From the January 2024 issue of Apollo. Preview and subscribe here.
Christine Sciacca of the Walters Art Museum unfolds the origins of an Ethiopian processional icon of surprisingly modern design.
During the 15th century many of the monasteries of Ethiopia were found in the highlands, in the region of Tigray. They are renowned for being built into cliffs, in a way redolent of Mount Athos in Greece. One of the most important is Gunda Gunde monastery, also known as Dabra Garzen, which lies at the base of one of these types of mountains and was carved directly into the living rock, on the border of Ethiopia and Eritrea. It was founded by the popular monk Abba Estifanos. Despite its relative inaccessibility, people seem to have made it there and this seclusion may explain why so many unusual experiments in parchment happened at this monastery. Of course, they produced codices, but we have also found several sensul or ‘chained’ manuscripts (where one horizontal strip of parchment is attached to boards at each end and accordion folded many times to create a book that is eight to 10cm square, or larger, and about 1cm thick when it is closed) – many of the early examples that we know come from Gunda Gunde. But one of the most impressive examples of an unusual manuscript is this 15th-century processional fan, made from six pieces of parchment stitched together. Only about six of these survive from the Middle Ages in Ethiopia. This is the only one of its age in a collection outside Ethiopia.

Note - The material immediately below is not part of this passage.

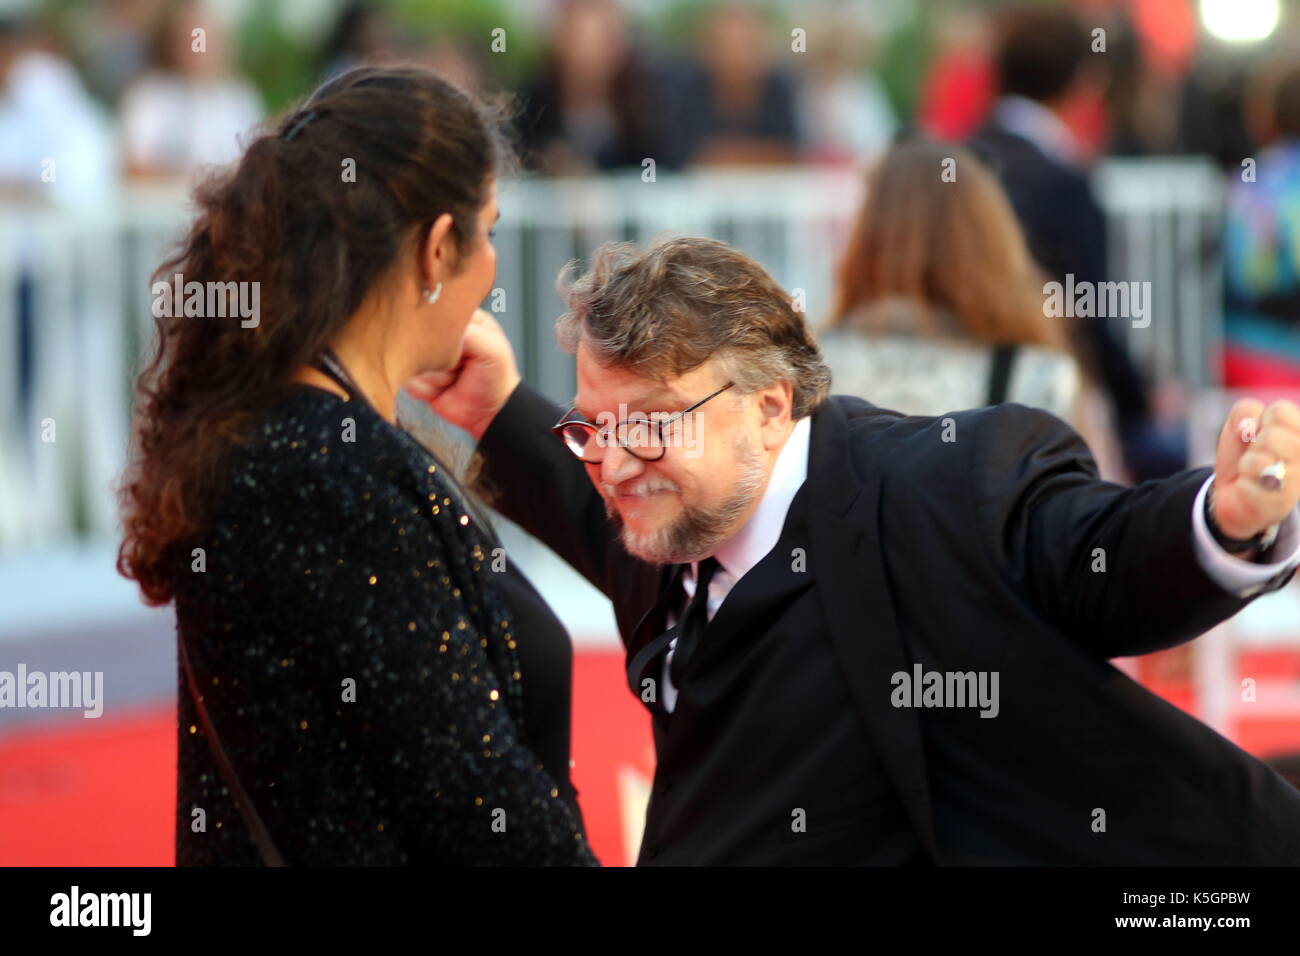 Venice, Italy. 9th September, 2017. Director Guillermo Del Toro attends at the Award Ceremony during the 74th Venice International Film Festival at Lido of Venice on 9th September, 2017. Credit: Andrea Spinelli/Alamy Live News Stock Photo
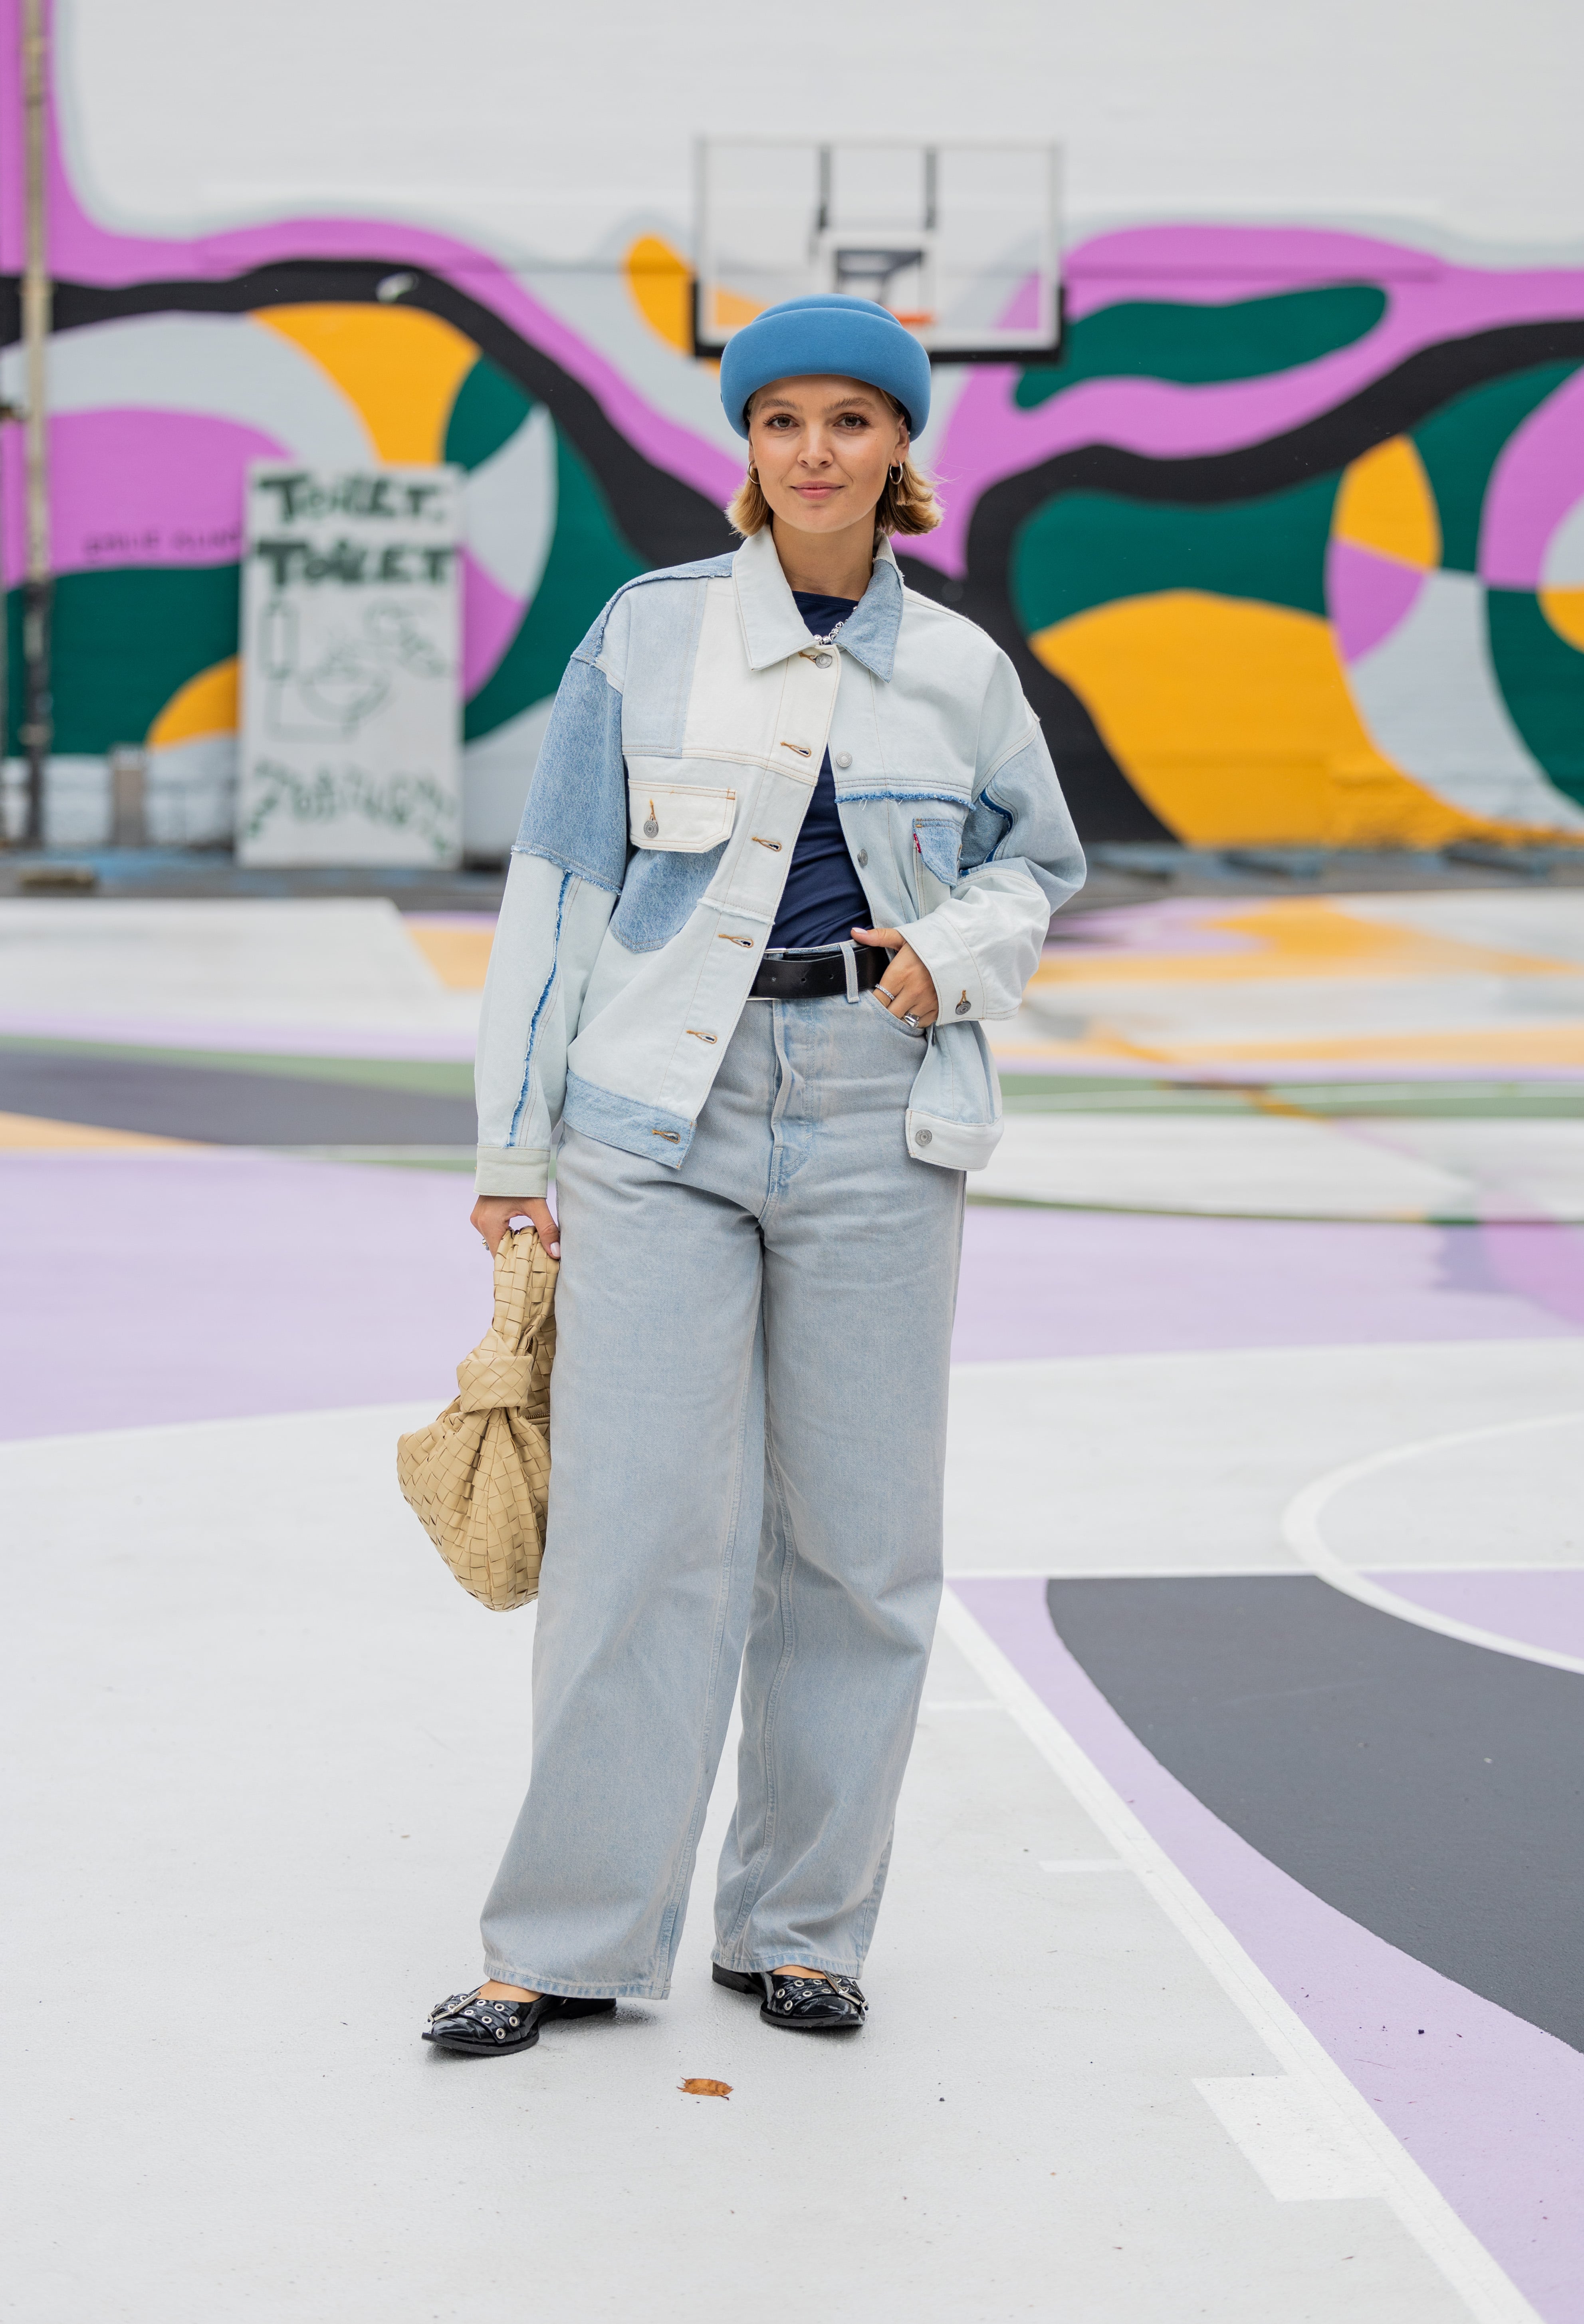 Best Of: Street style at New York Fashion Week

There were two kinds of monastic movement in Ethiopia during the 15th and 16th centuries, one of which was founded by Estifanos. He was considered a dissident by the emperor of Ethiopia, Zara Yaeqob (r. 1434–68) who as a proponent of the cult of Mary signalled his involvement in religion by a decree that every church should have an icon of her. There were certainly images of Mary before this decree, but he made it a requirement that every church had to carry one. Estifanos spoke out against the emperor’s promotion of this cult and was exiled – Yaeqob went so far as to call the followers of Estifanos enemies of Mary. This is slightly paradoxical, since this monastery produced some of the most incredible images of Mary in manuscript form that you will see from Ethiopia. But as we know, what is actually documented in the historical records can be very different from reality.
There are two women on the fan, one of whom is Mary. She is right at the centre, so when the fan is opened out she appears at its apex. All of the male figures are haloed, indicating that they are some sort of saint or apostle. Only a few of the central figures have inscriptions over their heads that identify them. The others appear to be generic holy people. The figures on either side of the Virgin Mary are the archangels Gabriel and Raphael. In an Ethiopian context, in both icons and manuscripts, you frequently see the archangels holding drawn swords, so they become a sort of honour guard for Mary. They appear to be protecting her.
The fan would be folded round into a complete circle and the boards would be pinned at the bottom, a little like a child’s toy fan. The fan would be then held up as part of a procession, the figures on the parchment leading the men on the ground. Today, so many of the feast days in Ethiopia, in the Christian church, have a procession around the church building as part of the ceremony, with processional crosses and maybe something like this processional fan, and with umbrellas, especially over the priests. The main priests will carry replicas of the tabot, the two tablets of the Ark of the Covenant, essentially on their head; this fan operates as another icon of Mary.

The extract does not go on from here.